- Directed by: Thomas Carr
- Written by: Clint Johnston Harry L. Fraser
- Produced by: Vincent M. Fennelly
- Starring: Whip Wilson Fuzzy Knight Christine McIntyre
- Cinematography: Ernest Miller
- Edited by: Sam Fields
- Music by: Raoul Kraushaar
- Production company: Transwestern Pictures
- Distributed by: Monogram Pictures
- Release date: April 3, 1951;
- Running time: 58 minutes
- Country: United States
- Language: English

= Wanted: Dead or Alive (1951 film) =

1951 film

Wanted: Dead or Alive is a 1951 American Western film directed by Thomas Carr and starring Whip Wilson, Fuzzy Knight and Christine McIntyre.
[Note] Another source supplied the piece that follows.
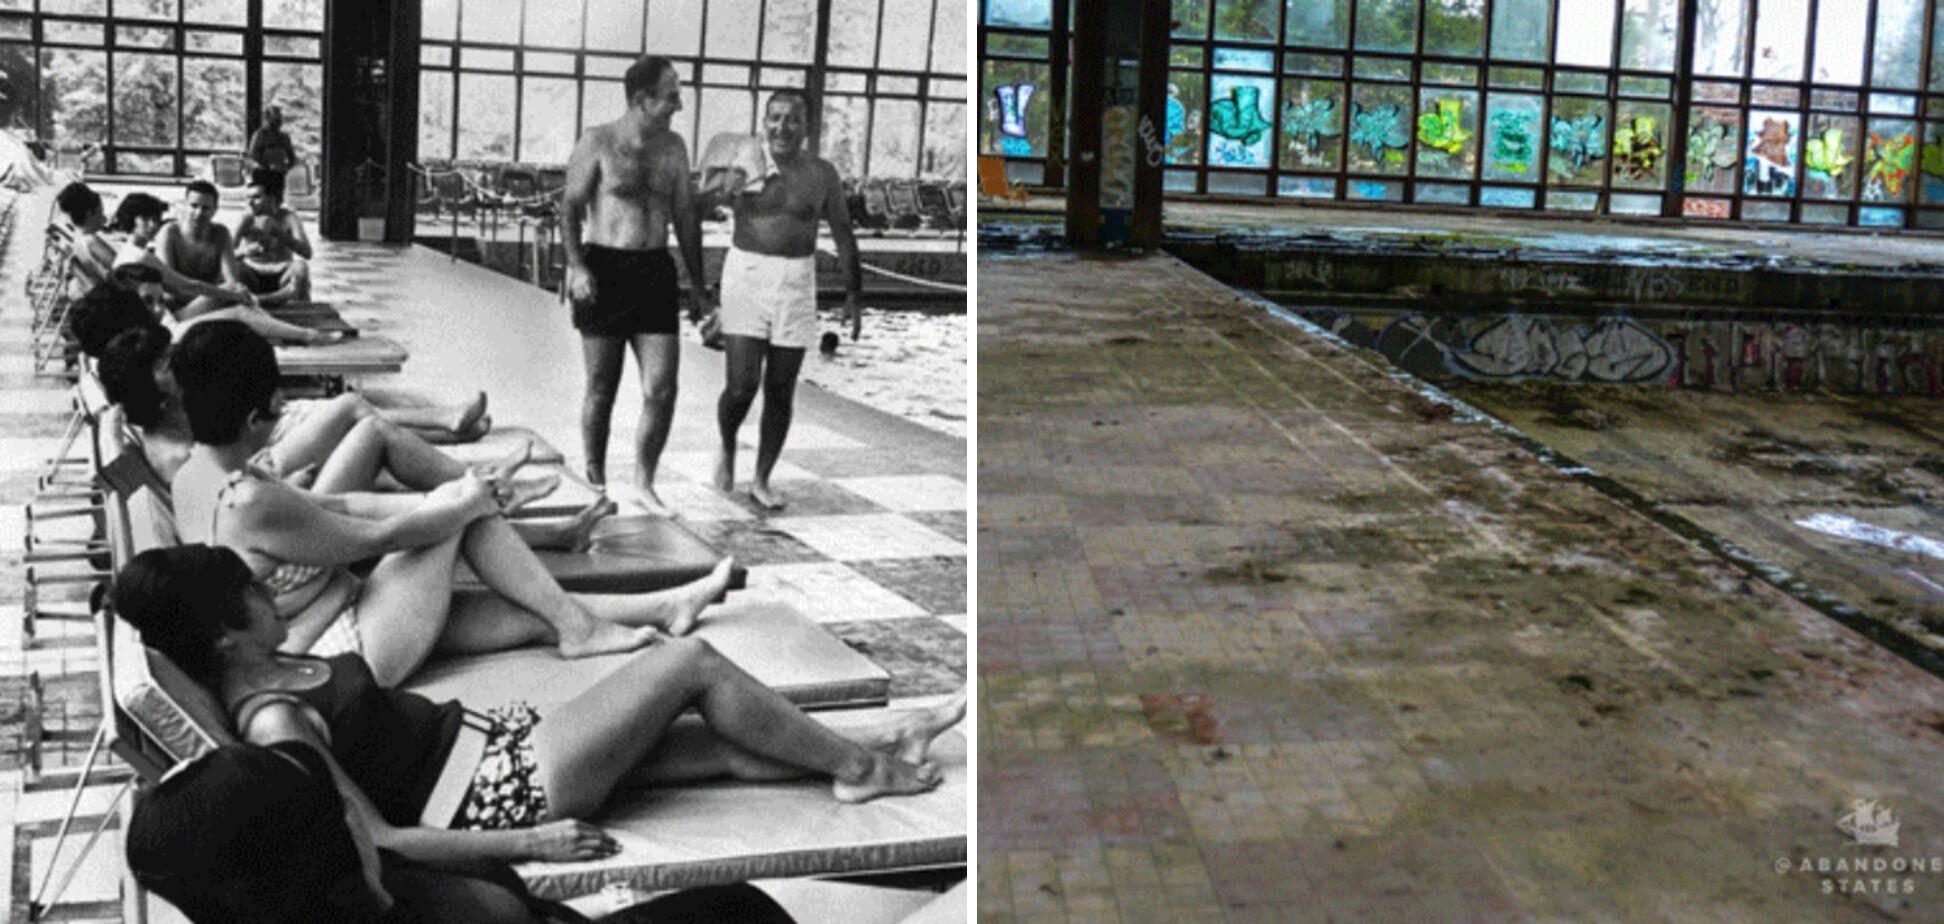 Часть крытого бассейна в Grossinger, открытие которого посещала актриса Элизабет Тейлор

The film was distributed as a second feature by Monogram Pictures. It was shot partly at the Iverson Ranch in California and its sets were designed by the art directors Dave Milton and Fred Preble. Wanted: Dead or Alive is the first of a series of films pairing Wilson and Knight.

==Plot==
A gang is freeing wanted outlaws from jail and then killing them in order to claim the reward money. Three marshals plan to infiltrate the gang, with one of them posing as an outlaw, to bring them to justice.

==Cast==
- Whip Wilson as Marshal Whip Wilson
- Fuzzy Knight as Texas
- Jim Bannon as U. S. Marshal Jim Bannon
- Christine McIntyre as Spangles Calhoun
- Leonard Penn as Sid Taggart
- Lane Bradford as Utah Grant
- Zon Murray as Mike
- Marshall Reed as Sheriff Jeff
- Stanley Price as John Meade
- Buddy Roosevelt as Jed Lewis
- George DeNormand as Bart Richards

==Bibliography==
- Drew, Bernard A. Motion Picture Series and Sequels: A Reference Guide. Routledge, 2013.